The web is always changing. If you use a complete image URL, and the image at that URL is no longer accessible at some point, no image will be displayed. To avoid this potential problem, it is often better to copy the image file into your directory and link to the new, local version.
There are tradeoffs when considering copying resources like images into your own directory, vs. linking to a remote resource from some other location. You may be charged for bandwidth (network transfer costs) for resources that you keep locally.
There are also copyright considerations. Do not, under any circumstances, assume that any particular image found on the web can be used by your web site, with or without attribution.
By default, the creator of an image retains copyright, and you cannot use that image on your site, whether included locally or linked remotely with an img
tag. However, some images might have licenses that permit you specific rights. For example, the Creative Commons Attribution 4.0 license that many images on Wikipedia use may allow others to use images, as long as certain rules for attribution (citation) are followed carefully.
Links to other documents have two primary components: some link text (the words displayed in your browser), specified as the text between <a>
and </a>
tags, and the URL of the page you want to link to, specified using the src
attribute of the <a>
tag:
The link in this example is nested inside a paragraph, but you might imagine nesting them inside of list items, to create an unordered list of links, or inside of table data items, to create a table of links.
You can nest an image inside a link to use the image as a link.
Objective: Combine image and link tags to make an image link.
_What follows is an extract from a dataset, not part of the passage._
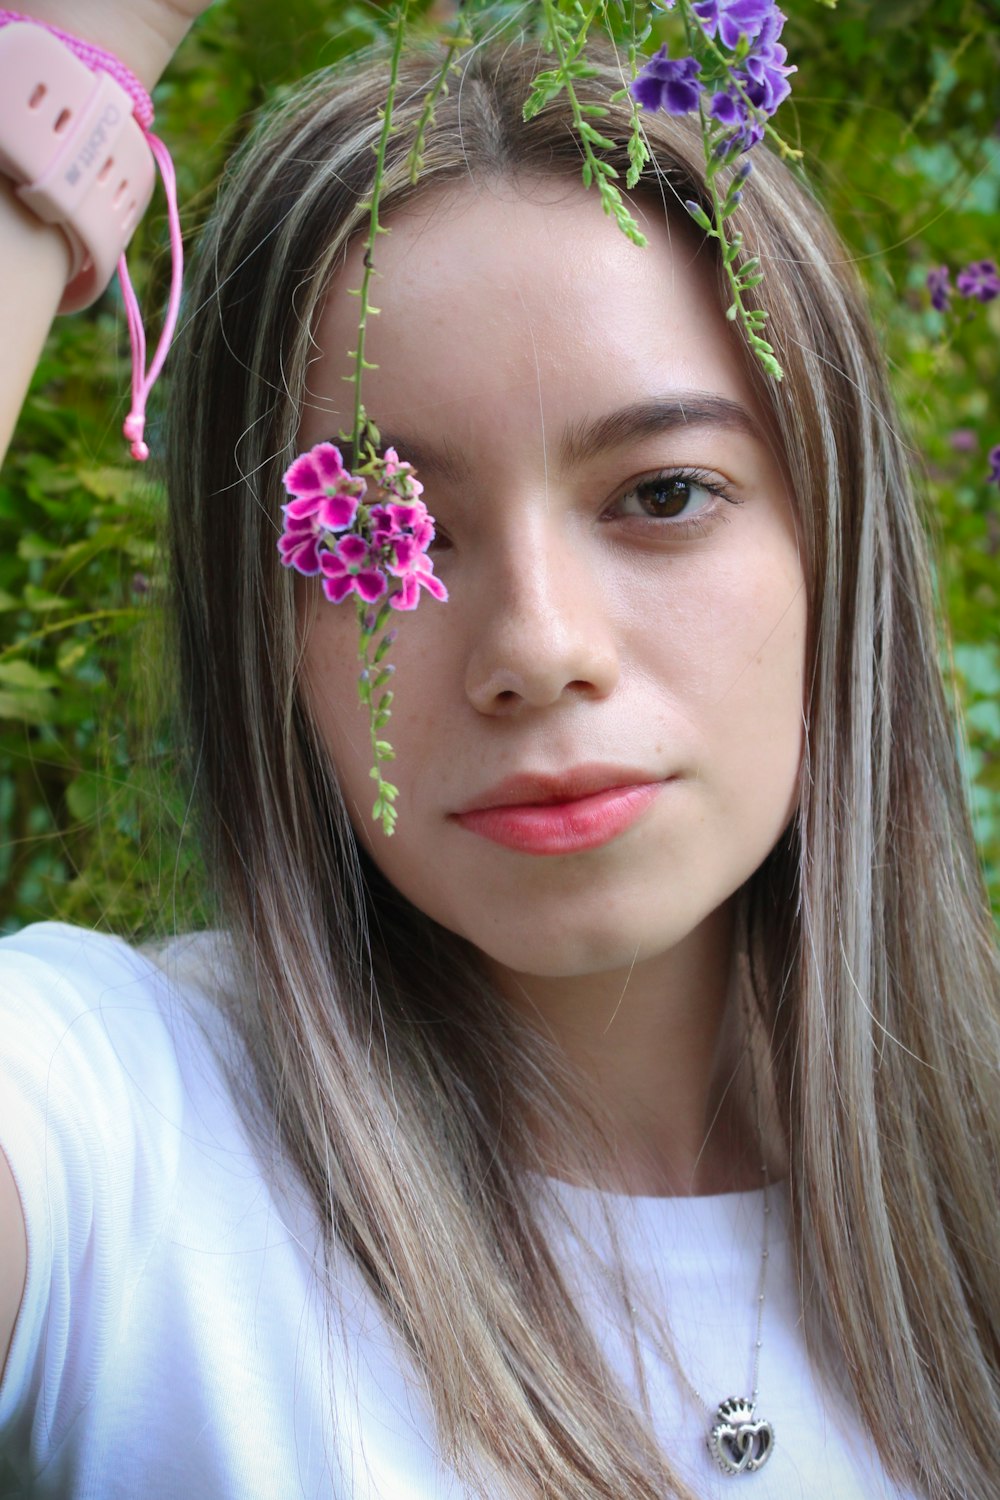 a girl with long hair and flowers in her hair

Use the image of the Earth from the previous example as a link to the wikipedia article on “space” (https://en.wikipedia.org/wiki/Solar_System
):
Here is a solution.
You can embed a web page within a web page, using the <iframe>
tag. Why would you ever want to do this? The small HTML coding windows on this very page are one example: the HTML text is written in the editor on the left (a fancy textarea), but an iframe is used to display the rendered output on the right.
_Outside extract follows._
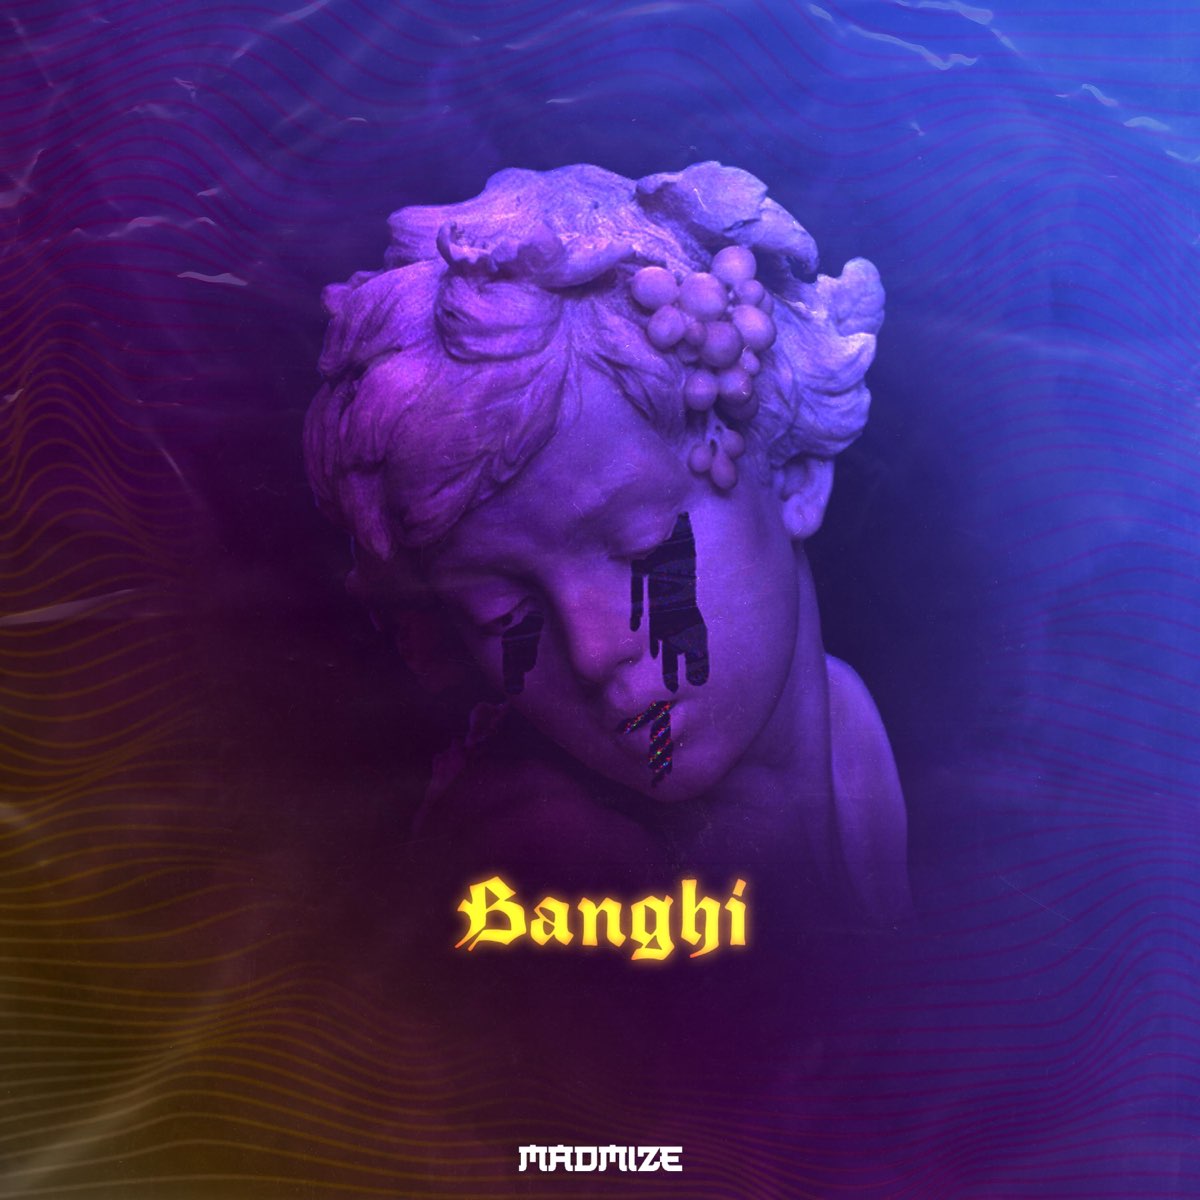 Banghi - Single by Madmize on Apple Music

Another reason to use an iframe is because a particular website provides some complex service, and you want to make use of that service in your web page. Embedding youtube videos in your web page is an example of this: you’d like to display a fancy video player, and youtube provides some HTML code to embed in your web page to make it happen.
I found the following HTML code by finding a video on youtube, clicking on share and then embed.
<iframe width="560" height="315" src="https://www.youtube.com/embed/ZCBE8ocOkAQ?rel=0" frameborder="0" allowfullscreen></iframe>
In the HTML code above, the text ?rel=0
is my own addition, and requests that youtube not play any related movies after the Falcon lands. This is an example of a GET request, a way of passing information to the server (the remote computer that sends the webpage across the network to your computer) as part of the request for the webpage. GET requests will be discussed in more detail in a later chapter.
iframes have a benefit for the website providing the resource: the content of that website is displayed in the manner the provider prefers. We displayed a youtube video through an iframe view of the youtube website; if youtube.com
suddenly decides to play an ad before or after that video, it can do so. Or youtube could decide to ignore the ?rel=0
hint, and play related videos. youtube.com
also gets information about visitors to the site, even if those visits happen through iframes. You’ve just visited the youtube.com site!
There are some restrictions on iframes. For example, a website provided over a secure encrypted connection (such as this one), cannot include an iframe reference to an unsecure website, since a website with unsecure content cannot itself be secure. You can tell if a website is provided through an encrypted connection if the address begins with https://
rather than http://
.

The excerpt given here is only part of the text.